** PROVIDED RECORDS follows **

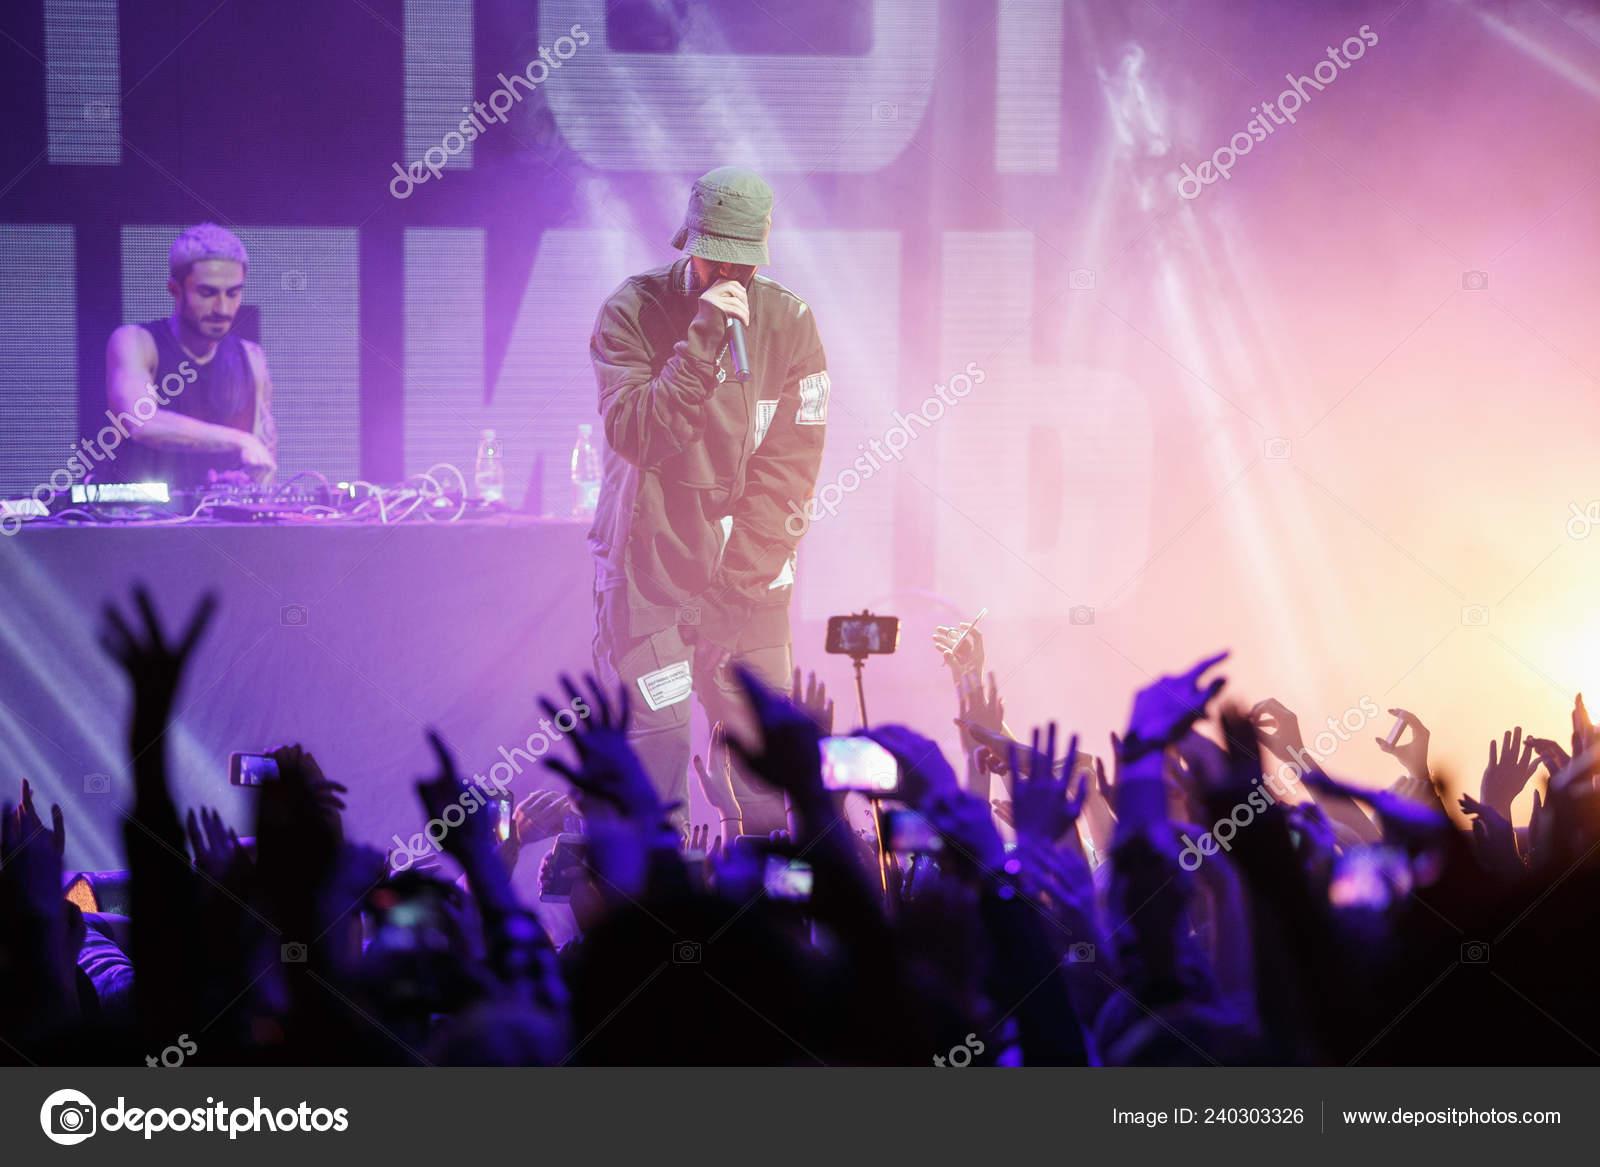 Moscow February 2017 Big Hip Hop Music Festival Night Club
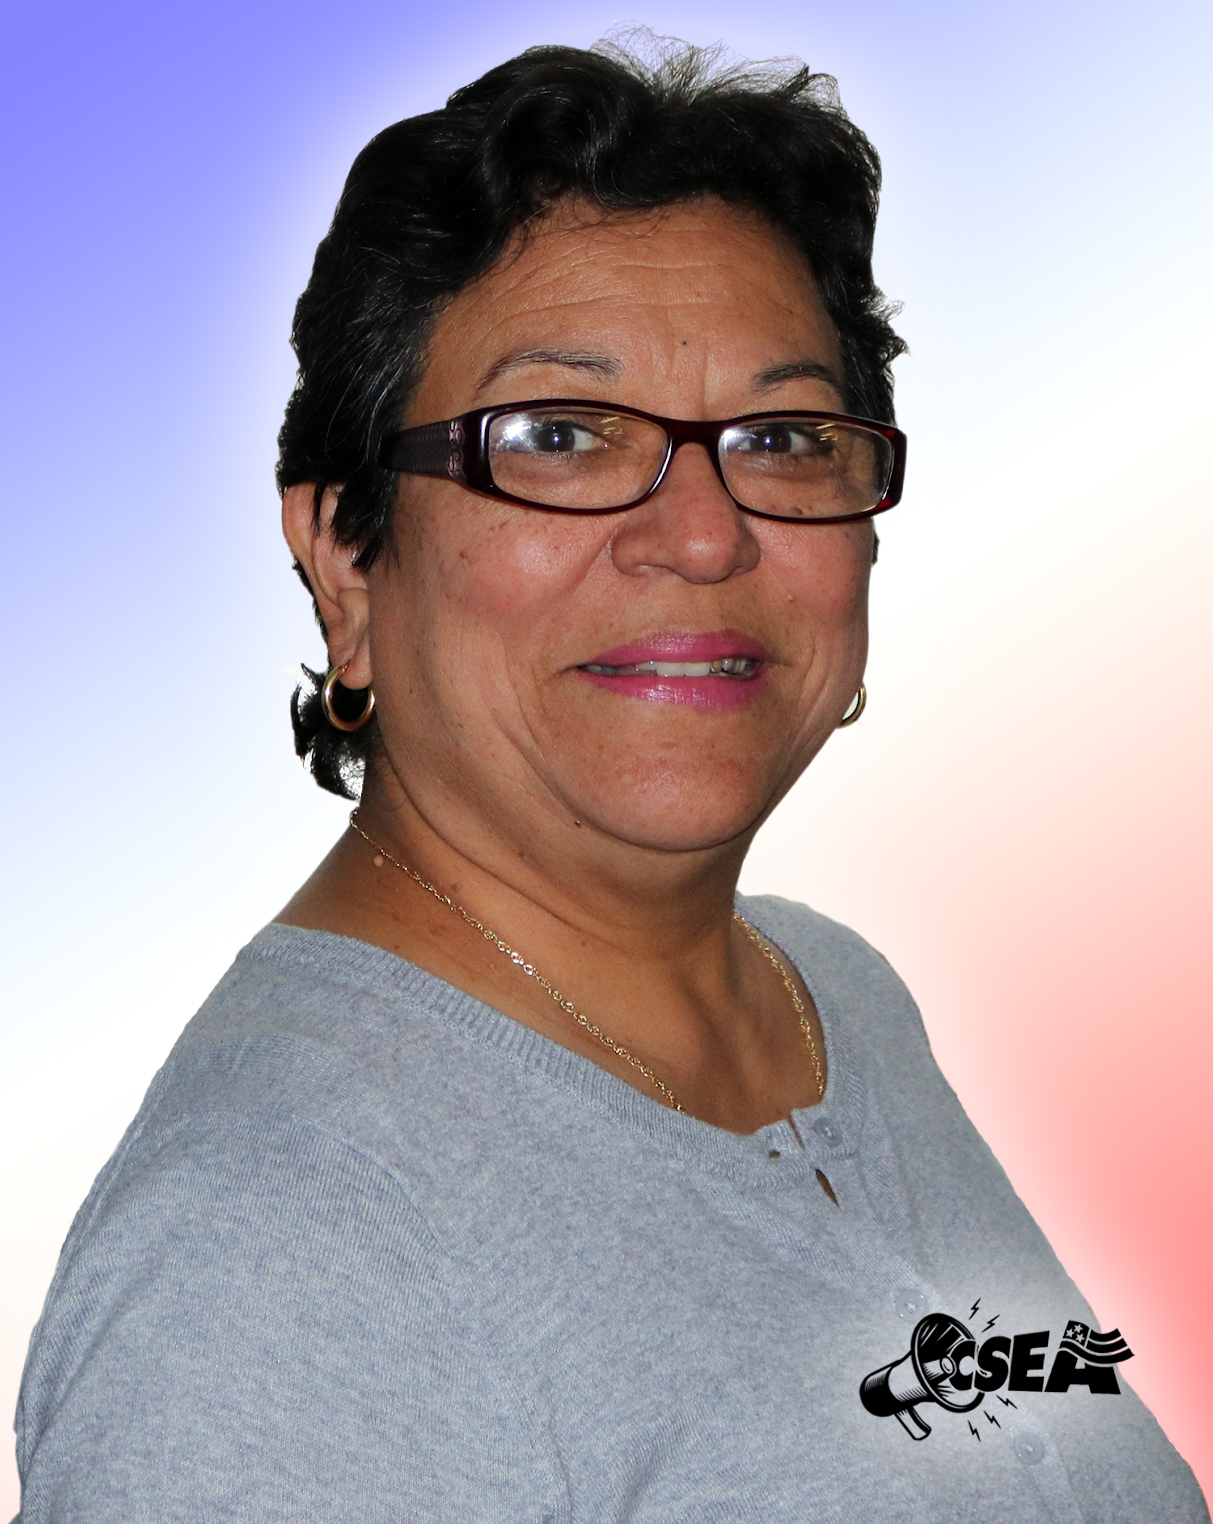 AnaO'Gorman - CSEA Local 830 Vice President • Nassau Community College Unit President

** End of PROVIDED RECORDS **
** PROVIDED RECORDS follows **

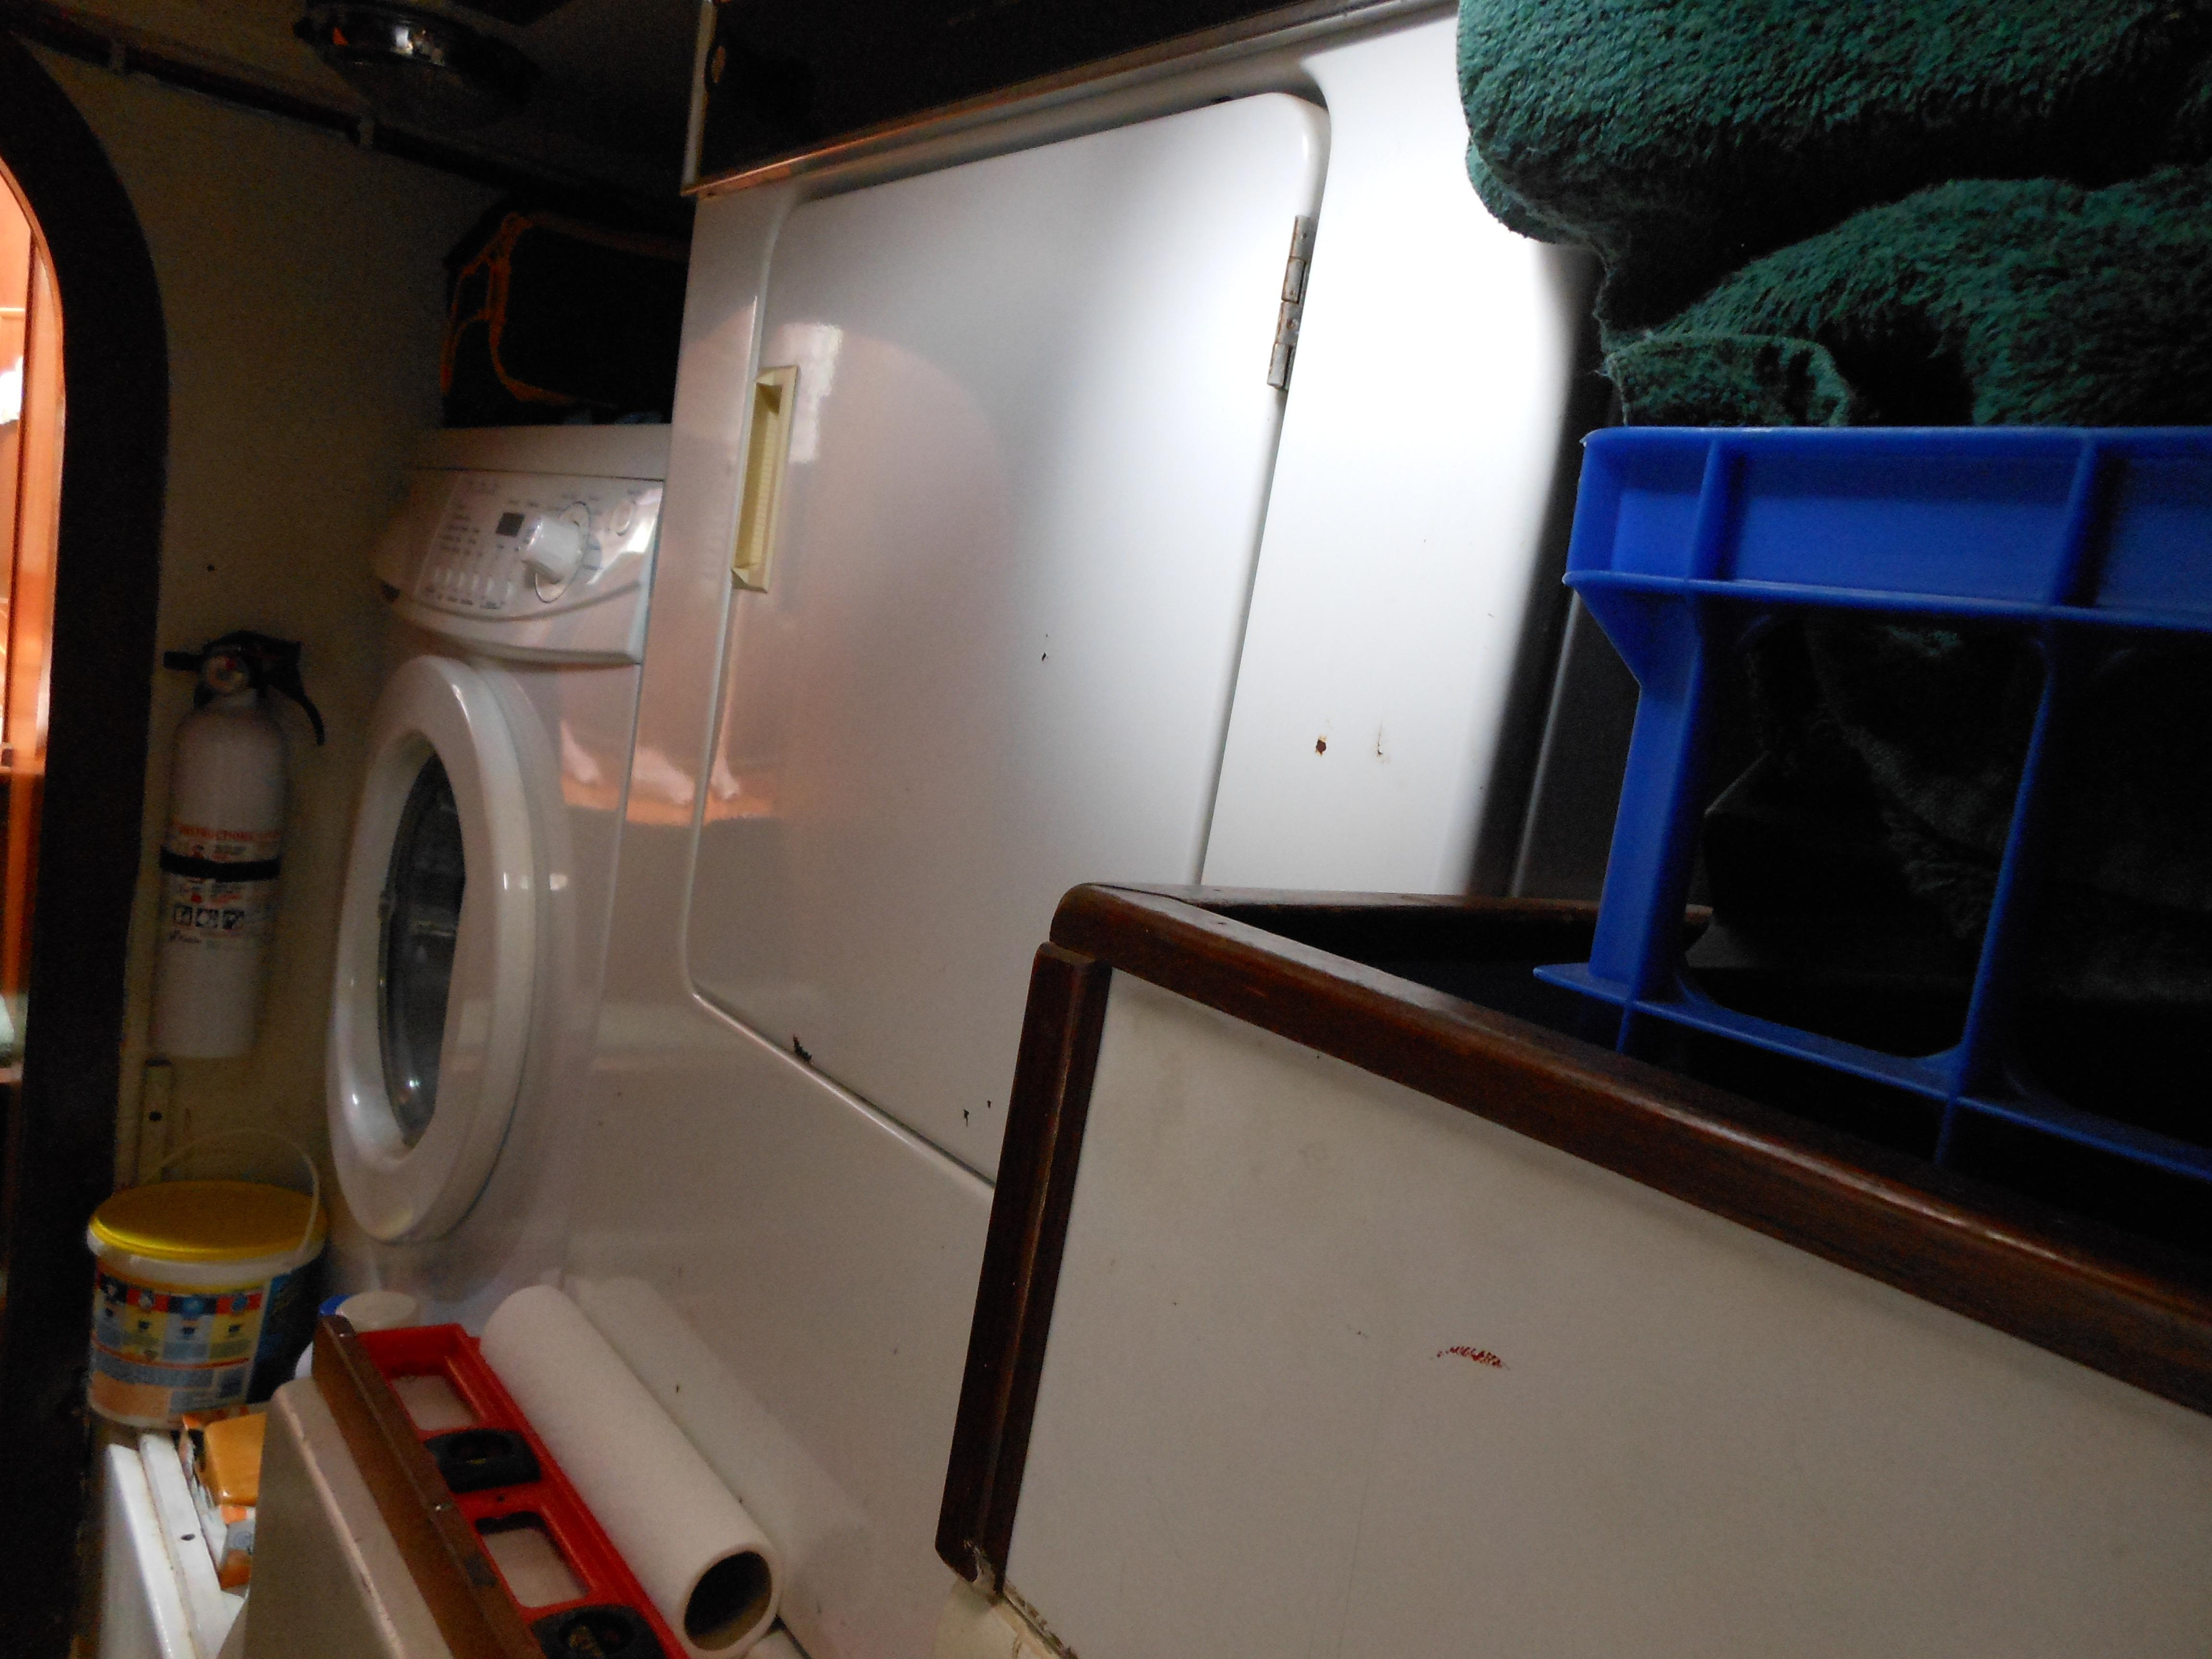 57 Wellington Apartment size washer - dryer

** End of PROVIDED RECORDS **
** PROVIDED RECORDS follows **

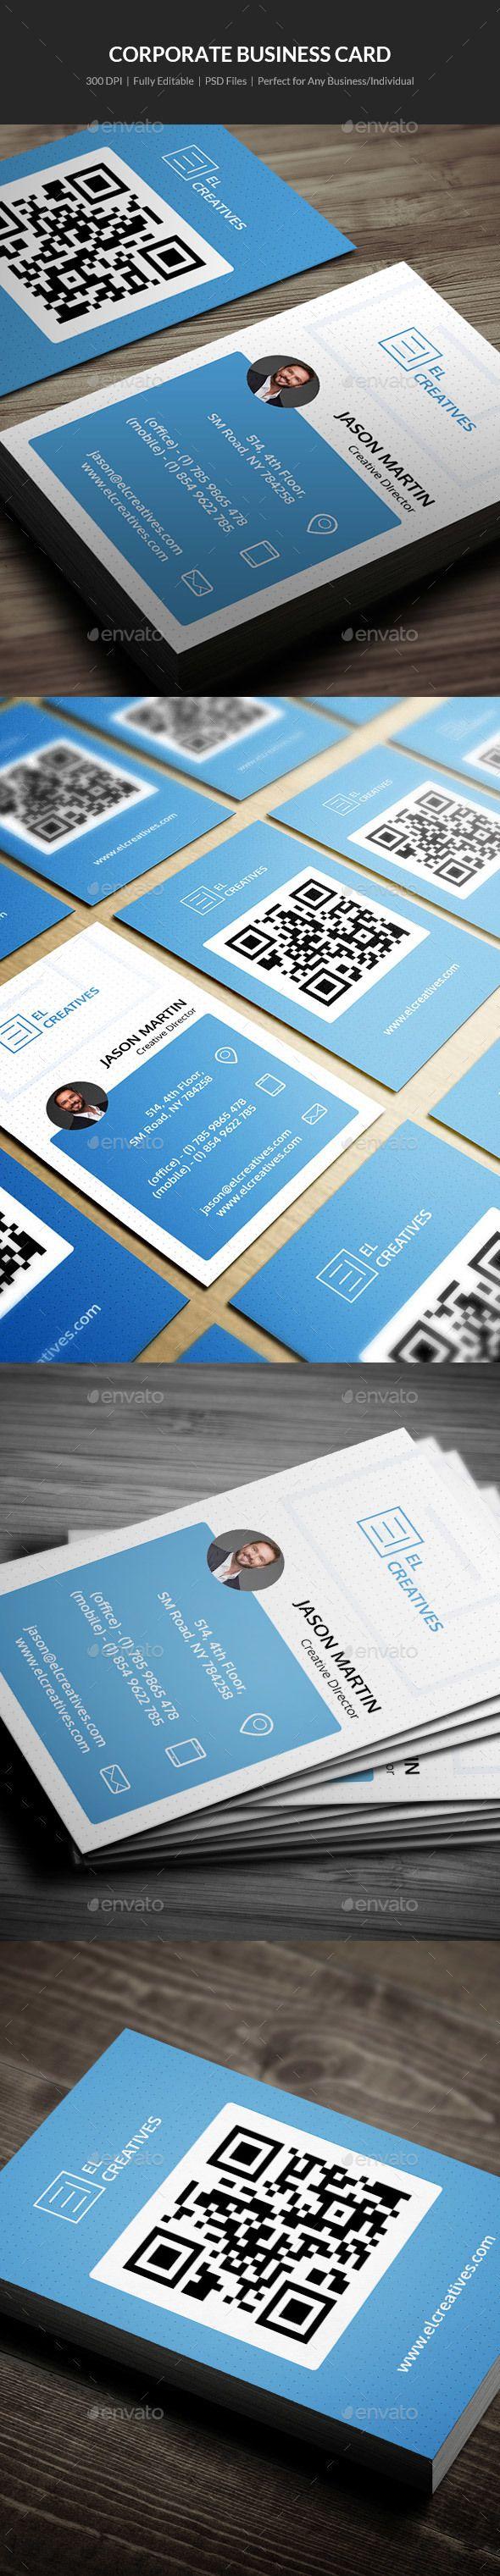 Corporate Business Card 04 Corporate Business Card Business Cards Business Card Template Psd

** End of PROVIDED RECORDS **

**EXERCISE DETAILS:**
Although the records hold pictures, the copy must not; give again exactly the lines from the one with "Moscow February 2017" through the one with "AnaO'Gorman - CSEA".

**SOLUTION FOR THIS PROBLEM:**
 Moscow February 2017 Big Hip Hop Music Festival Night Club
 AnaO'Gorman - CSEA Local 830 Vice President • Nassau Community College Unit President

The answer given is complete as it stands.